Polymerase chain reaction (PCR)-amplified genomic DNA from the parental L. jensenii 1153 and recombinant strain designated L. jensenii 1153-1128 were run on a 2% agarose gel. L. jensenii 1153 shows a 353 bp band corresponding to a region of the minor capsid gene and a 1,824 bp band of the entire minor capsid gene (Fig. 4B). L. jensenii 1153-1128 shows a 1,250 bp band corresponding to a region of the minor capsid gene with the 891 bp band (+6 bp restriction site) cassette insertion. The external primers amplify a 2,721 bp band (1,824 + 891 + 6 bp).
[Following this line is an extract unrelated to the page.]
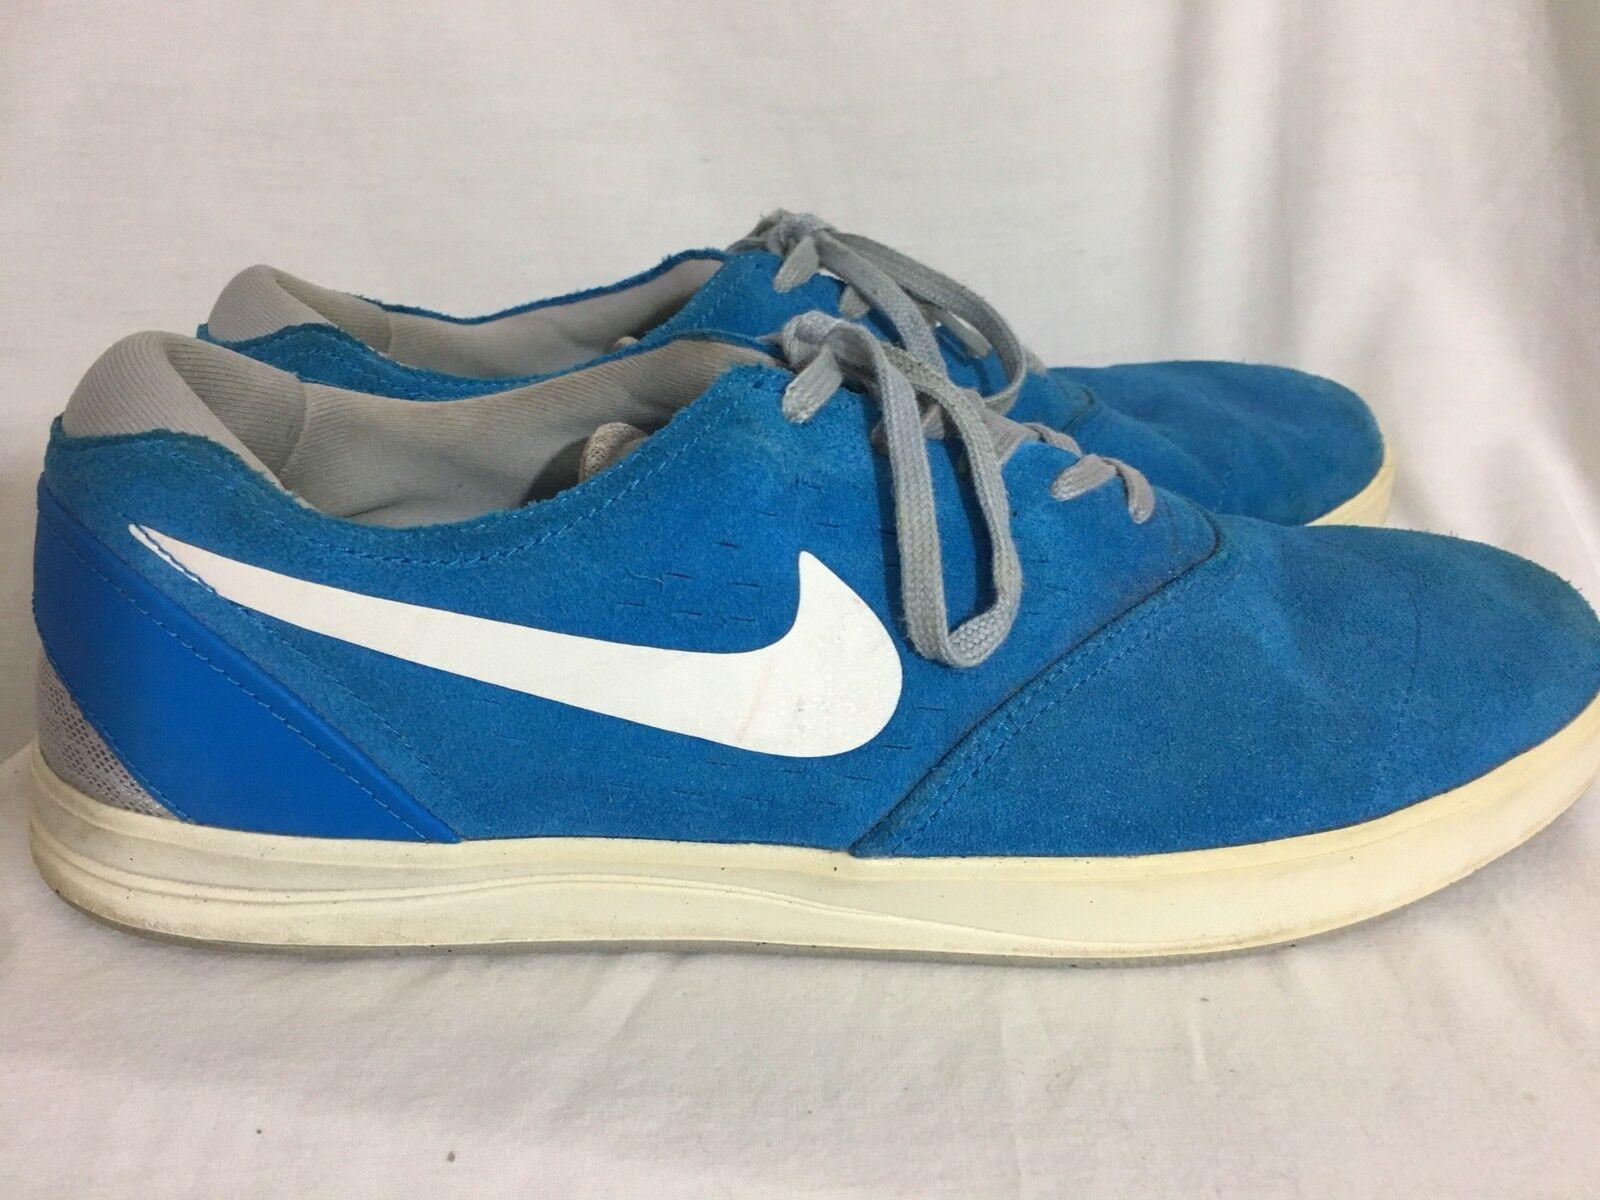 new style e1ff5 4d144 Nike Hombre Signature Eric Kosten skateboarding Azul Azul Azul Suede  nosotros cómodo barato y hermoso moda

The strain was passaged 40 generations, genomic DNA was extracted, and the cassette was sequenced (not shown). The 40-generation sample was also analyzed by PCR for stability. No changes were noted in the size of the internal and external primer bands 891 and 2,721, respectively, and thus, the L. jensenii 1153-1128 recombinant is genotypically stable. We examined phenotypic stability by performing a carbohydrate utilization profile of parental strain L. jensenii 1153. Both L. jensenii 1153 and L. jensenii 1153-1128 fermented glucose, d-fructose, d-mannose, N-acetylglucosamine, amygdalin, arbutin, wells, salicin, d-cellobiose, d-maltose, d-saccharose, amidon (starch), and gentiobiose wells and hydrolyze esculin ferric citrate (data not show).

We tested growth of the 1153-1128 strain and lactic acid production (pH) and compared them to parental strain L. jensenii 1153. L. jensenii 1153-1128 grew to the same level as the parental strain and reduced pH of the media under aerobic (5% CO₂) and anaerobic growth conditions (Fig. 4C, D).

Discussion

There is a tremendous need for approaches to combat HIV-1 transmission in women of reproductive age. Lactobacilli (including L. jensenii) are important members of the vaginal microbiome, lowering vaginal pH,^31,32 modulating cervicovaginal inflammation,⁹ and providing resistance to HIV infection.³³ We established the feasibility of expressing bioactive anti-HIV-1 antibody fragments from a vaginal strain of L. jensenii and show that these fragments are functional and can be stably expressed from a recombinant L. jensenii. In addition, we confirmed that the recombinant L. jensenii 1153-1128 expressing m36.4 could colonize the rhesus macaque vagina (data not shown).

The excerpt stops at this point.